Government shuts down. Who, besides citizens, will pay?
Happy official 100th birthday federal income tax

'Essential' Representatives, Senators get paid during shutdown

Right now, most Americans -- and especially those furloughed federal workers sitting at home a second straight day -- don't consider Representatives and Senators essential.

That's the designation made by federal agencies about their various jobs to determine who comes to work during a government shutdown.

Employees in essential jobs are at their desks, with at least the hope of eventually getting paid when the government comes back online. Holders of nonessential positions are furloughed.

And despite what some members of Congress have said, being furloughed is not the same as a paid vacation day for federal workers. It means these almost 800,000 folks are off their jobs with no pay. In the past, Congress reinstated the pay lost by those workers. But the last time was 17 years ago and there's no guarantee that will happen in 2013.

Paychecks still issued on Capitol Hill: One thing, however, is certain. The people who've shutdown the federal government are getting paid, and paid very nicely.

Members of Congress and the president are essentially deemed essential government employees.

They will collect their paychecks because their jobs are authorized by the U.S. Constitution and they are paid with mandatory funds, not discretionary spending dependent on annual appropriations.

Representatives and Senators get a base annual salary of $174,000. Lawmakers in leadership positions -- yes, I know that's even more of an oxymoron that usual right now -- earn more.
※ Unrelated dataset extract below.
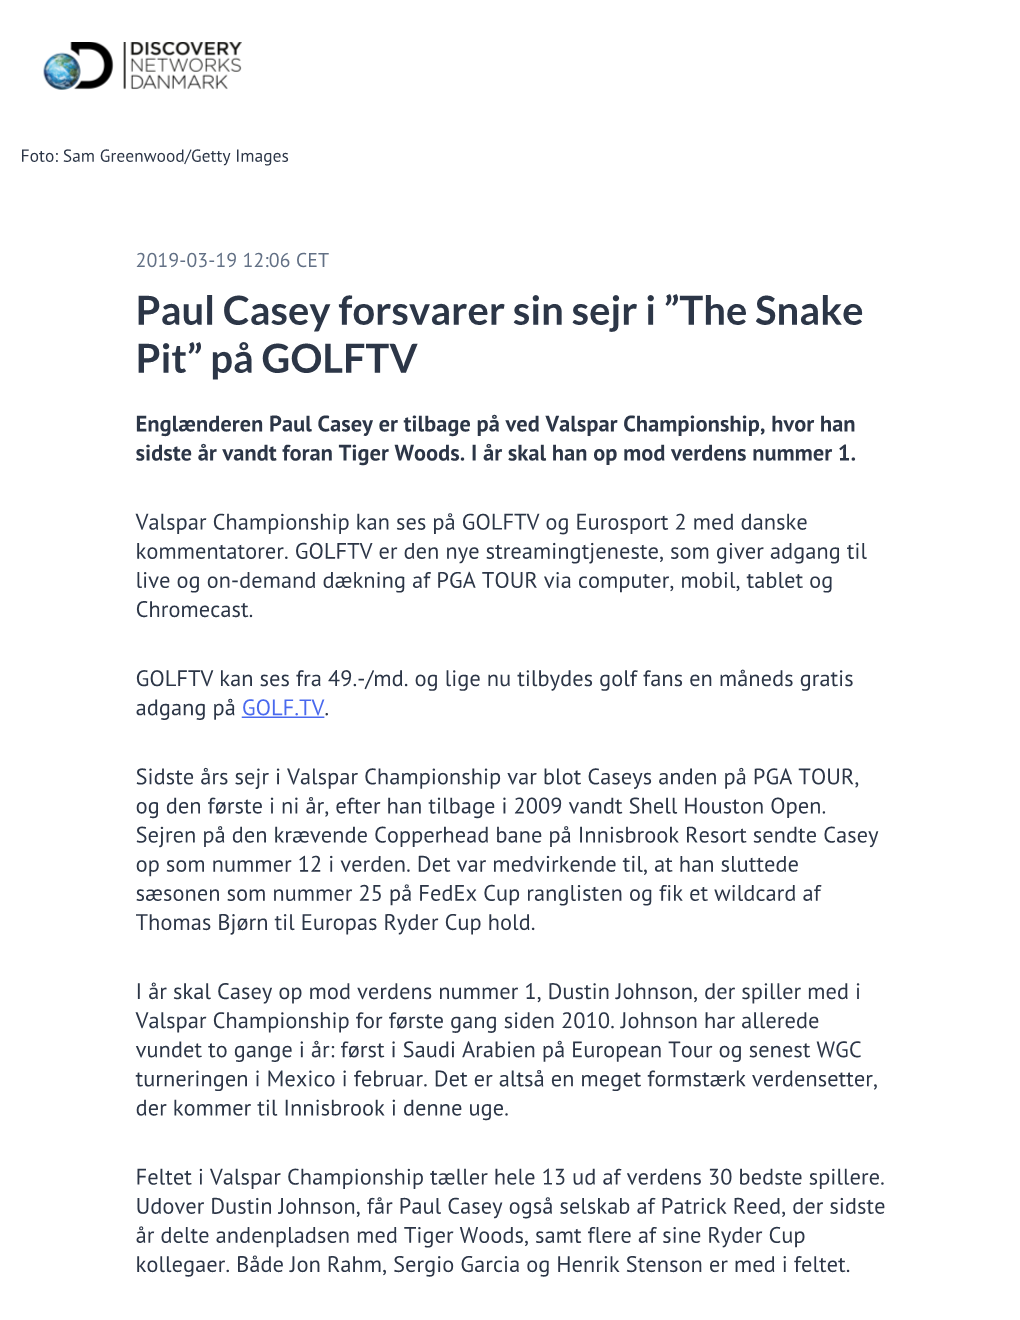 Paul Casey Forsvarer Sin Sejr I ”The Snake Pit” På GOLFTV

House Speaker John A. Boehner (R-Ohio), who has been unable to unify more moderate Republicans and the conservative Tea Party members of his party who are driving the funding holdout, makes $223,500 a year.

While the reason that federal lawmakers get paid is understandable -- Constitution, blah blah blah, they operate the mechanism to get government going again, blah blah blah -- it just doesn't look right.

That's why a couple of lawmakers tried to sidestep the issue when a CNN anchor asked if they would give up their pay during the shutdown.

CNN anchor Ashleigh Banfield posed the uncomfortable query on Monday, Sept. 30, about 12 hours before Uncle Sam closed most of his doors, to two of the more conservative House Republicans, Rep. Dana Rohrabacher (R-Calif.) and Rep. Marsha Blackburn (R-Tenn.).

'Essential' employee proposed change: One Representative thinks there needs to be a change in the legislative branch payment system during a federal government shutdown.

Rep. Pete P. Gallego (D-Texas) has introduced a bill that would make lawmakers also pay a financial price in the event of a government shutdown.

The Shutdown Member of Congress Pay Act of 2013 would suspend pay for members of Congress in the event of a government shutdown.

"Congress should work around-the-clock, and do so without pay, to keep the government running," said Gallego in a statement announcing the bill's introduction.

Chances of Gallego's bill passing are slim. OK, nonexistent.

Forgoing pay: But the freshman Representative is putting his money where his legislation is. Gallego is donating his pay received during the shutdown to a charitable group that helps military men and women who are injured during their tour of duty.

Gallego is not alone. Several lawmakers also have announced plans to donate their pay or refuse compensation earned over the course of the federal government closure.

The Washington Post is keeping a running tally of the public relations conscious lawmakers. So far, around 60 have made the list.

UPDATE 6:54 p.m. ET Oct. 2: At least 108 lawmakers, 56 Republicans and 52 Democrats, have said that they plan to donate their pay or refuse compensation as long as the govenrment remains closed.

Deducting pay donation: The natural tax question is can the members of Congress donating their pay to charity deduct it? Yes, if they itemize and the charity is an Internal Revenue Service qualified 501(c)(3) organization.

But they likely can't deduct all of it on their 2013 tax returns.

Most public charities have what is known as the 50 percent limit. That means that a taxpayer's deduction is limited to 50 percent of his or her adjusted gross income.

Basically, this means that the deduction cannot be more than half of what we make in a year. Depending on what other charitable gifts the Representatives and Senators have made so far this year and how much of their salary is surrendered if the shutdown drags on, the donation of their pay might put them over that 50 percent limit.

But the excess is not lost. It can be carried forward and deducted in future tax years, again subject to the overall 50 percent limit.